The retrial comes after the Court of Cassation canceled in 2017 previous jail sentences against the defendants and ordered their retrial, Ahram Online added.
The prosecution charged the defendants with the murder of five people, the attempted murder of 70 others, vandalizing public and private property, the theft of ammunition and weaponry from Port Said’s El-Arab police station, and inciting violence and chaos.
The sentence is not final and can still be challenged in front of the Court of Cassation, according to Ahram Online.
Life imprisonment is 25 years in prison according to Egyptian law.
Badie, the Muslim Brotherhood’s elected eighth chief in 2010, was handed a death sentence in another case for ordering the murder of 10 people in Cairo in 2013.
He also received life imprisonment verdicts in violence-related charges, totaling over 100 years.
In August 2015, Badie and 94 other Muslim Brotherhood leaders were sentenced to life imprisonment by the Port Said Criminal Court, of whom 19 were sentenced in absentia, with a further 76 on the run as fugitives.
An additional 28 others were sentenced to 10 years imprisonment in the same trial, with a total of 68 defendants acquitted of the charges.
What is Muslim Brotherhood?
In Egypt, the Muslim Brotherhood is a Sunni Islamist religious, political, and social movement –considered the largest, best-organized political force in Egypt, with adherents estimated to number between 2 and 2.5 million.
It was founded by Hassan al-Banna in March 1928, the group spread to other Muslim countries but has its largest, or one of its largest, organizations in Egypt, despite a succession of government crackdowns in 1948, 1954, 1965, and 2013 after plots, or alleged plots, of assassination and overthrow were uncovered.
Following the 2011 Egyptian Revolution, it first had great success. It launched a civic political party—the Freedom and Justice Party—to contest elections, which it described as having “the same mission and goals, but different roles” than the Brotherhood and agreeing to honor all Egypt’s international agreements.

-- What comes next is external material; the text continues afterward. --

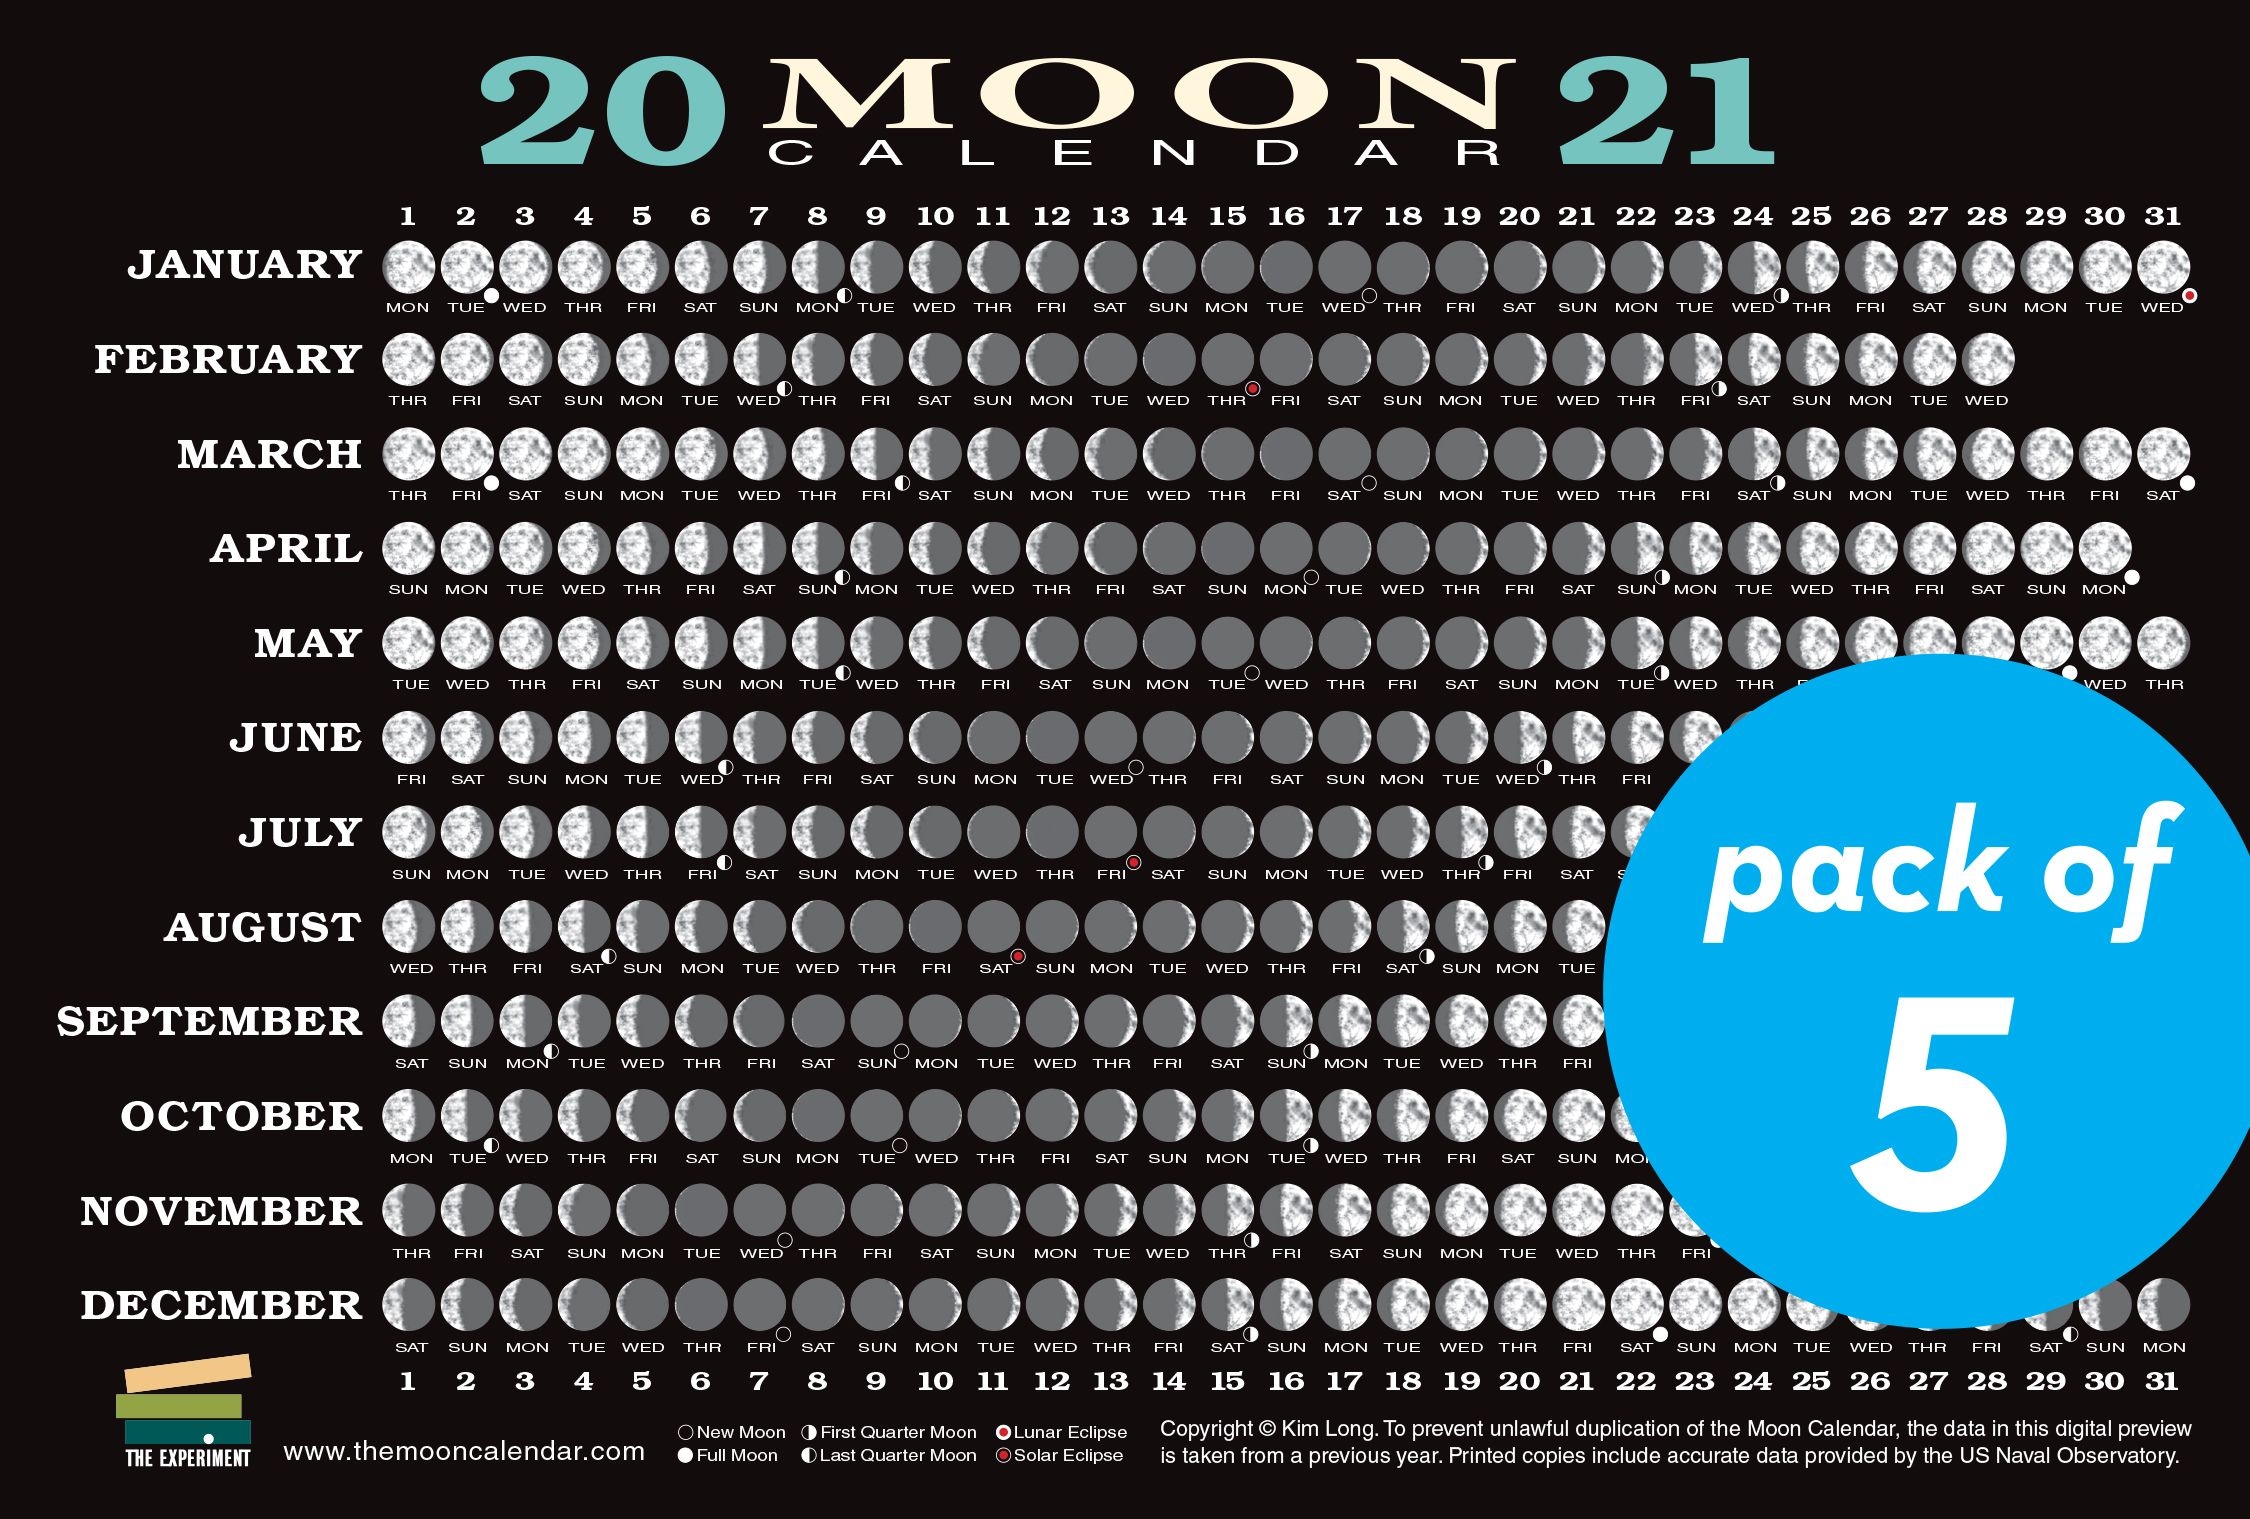 2021 moon calendar card (5 pack) : lunar phases, eclipses

The party won almost half the seats in the 2011–12 parliamentary elections, and its candidate, Mohamed Morsi, won the June 2012 presidential election.
However President Mohammad Morsi was overthrown after mass protests within a year and a crackdown ensued that some have called more damaging to the movement than any “in eight decades”. Hundreds of members were killed, and hundreds—including Morsi and most of the Brotherhood’s leadership—were imprisoned. Among the general Egyptian population, a “huge hostility” was felt towards the MB.
In September 2013, an Egyptian court banned the Brotherhood and its associations and ordered that its assets be seized and in December the military-backed interim government declared the movement a terrorist group following the bombing of security directorate building in Mansoura.